Oder welches ist empfehlenswert?


----------



## S754 (4. April 2015)

Nimm ein neues Netzteil, 17 Jahre ist ja furchtbar. 
Schon der Gedanke, das Teil weiter zu benutzen ist der Wahnsinn!


----------



## Knogle (4. April 2015)

Welches Netzteil ist denn gut fuer den 24/7 Betrieb? Oder kann ich da irgendeins nehmen? Braucht es da keine spezielle Zertifizierung?

Naja eigentlich ises 20 Jahre alt, aber nur 17 Jahre davon im 24/7 Betrieb


----------



## S754 (4. April 2015)

Mir ist keine 24/7 Zertifizierung für Netzteile bekannt. Drum haben richtige Server auch redundante Netzteile.


----------



## Bios-Overclocker (4. April 2015)

Habe es so verstanden dass er in seinem NAS ein Delta Netzteil hat dass seit 95 96 bis 2010 gelaufen ist. Da es nur 100 Watt liefert sucht er jetzt ein

neues was 24/7 tauglich ist.

Eventuell sowas hier : Cougar stellt neue Netzteilserie für 24/7-Betrieb vor: GX-S

Edit: zu spät. Lief das Netzteil echt 17 Jahre ohne Pause durch ??


----------



## Knogle (4. April 2015)

Uii.. vielleicht waren mal einige Tage, und paar Reboots oder Pause dazwischen, aber sonst lief die ganze Kiste 24/7 durch, bis die irgendwann zu lahm war

Also das alte Netzteil ist aus meinem alten NAS

In meinem aktuellen NAS habe ich das Coolermster GX450, aber es hat nach bestimmt 80 Stunden Crossload durch weitere Platten welche nun raus sind, angefangen zu stinken, warum auch immer
Wie schauts aus mit einem Bequiet!
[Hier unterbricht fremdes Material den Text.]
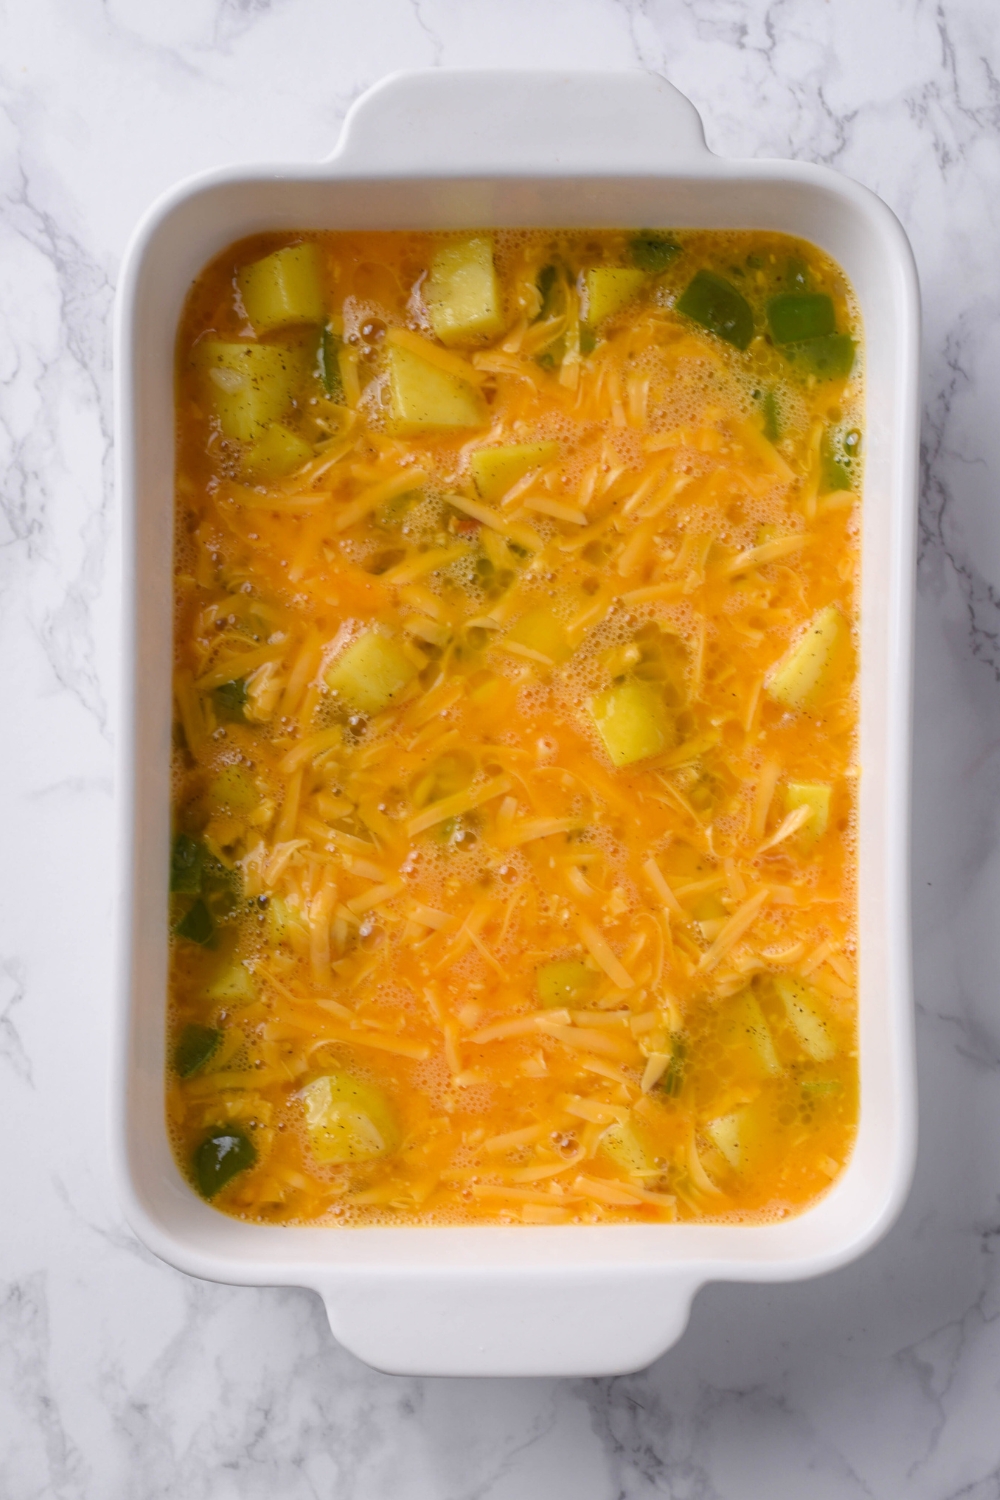 A casserole dish with uncooked potato casserole.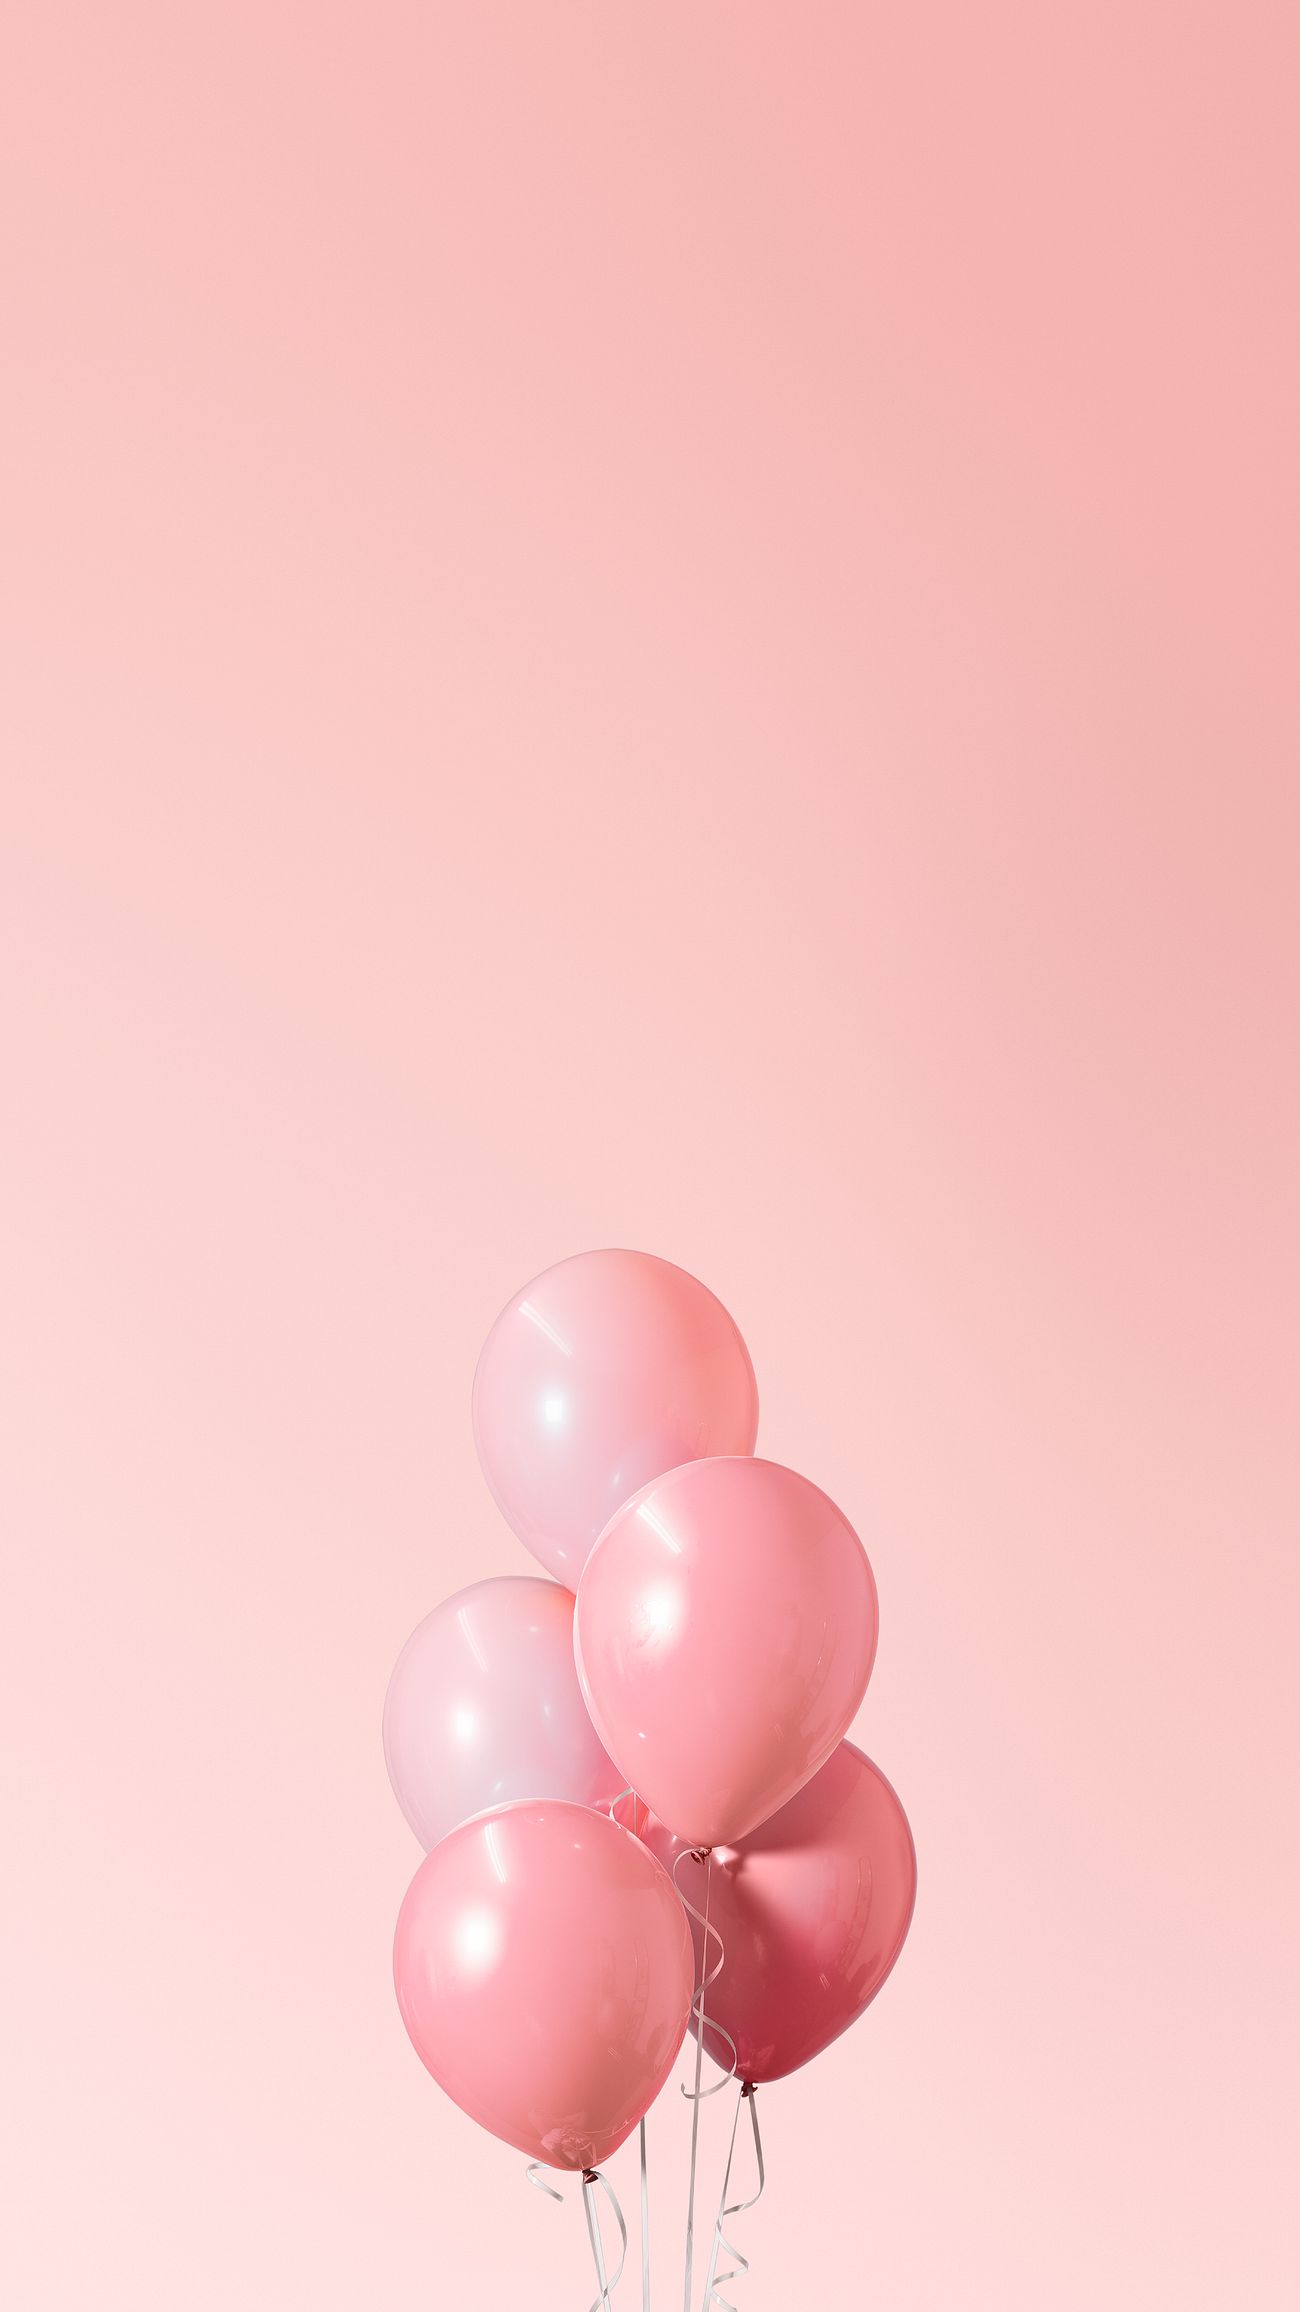 Pastel balloons phone background | Royalty free illustration - 1224746

System Power 300W?


----------



## S754 (4. April 2015)

Das System Power 7 mit 300W kann man nehmen, ist kein schlechtes Netzteil und reicht völlig aus.
Alternativ ein redundantes Netzteil, falls das NAS immer erreichbar sein muss: Netzteile mit Besonderheiten: redundant Preisvergleich | Geizhals Ã–sterreich


----------



## Abductee (4. April 2015)

Ich hab in zwei 24h Rechnern jeweils ein Be Quiet E9 400W und die laufen schon seit ~3 Jahren ohne jegliche Probleme.
Mit dem neuen E10 und den fünf Jahren Garantie machst du sicher nichts falsch.
Das System Power hat halt einen mittelmäßigen Lüfter, für einen Dauerbetrieb würd ich lieber einen besseren nehmen.
be quiet! Straight Power 10 400W ATX 2.4 (E10-400W/BN230) Preisvergleich | Geizhals Deutschland


----------



## Knogle (4. April 2015)

Wie lange sollte man ein Netzteil denn betreiben? Also 17 Jahre sind zulang?
Und warum macht ein Netzteil bei wechselnder Last so schnell schlapp?


----------



## Abductee (4. April 2015)

Die Kondensatoren haben je nach Qualität/Bauform nur eine begrenzte Lebenserwartung.
Und genau die halten die Spannung bei wechselnden Lastzuständen stabil.


----------



## Knogle (4. April 2015)

Abductee schrieb:


> Die Kondensatoren haben je nach Qualität/Bauform nur eine begrenzte Lebenserwartung.
> Und genau die halten die Spannung bei wechselnden Lastzuständen stabil.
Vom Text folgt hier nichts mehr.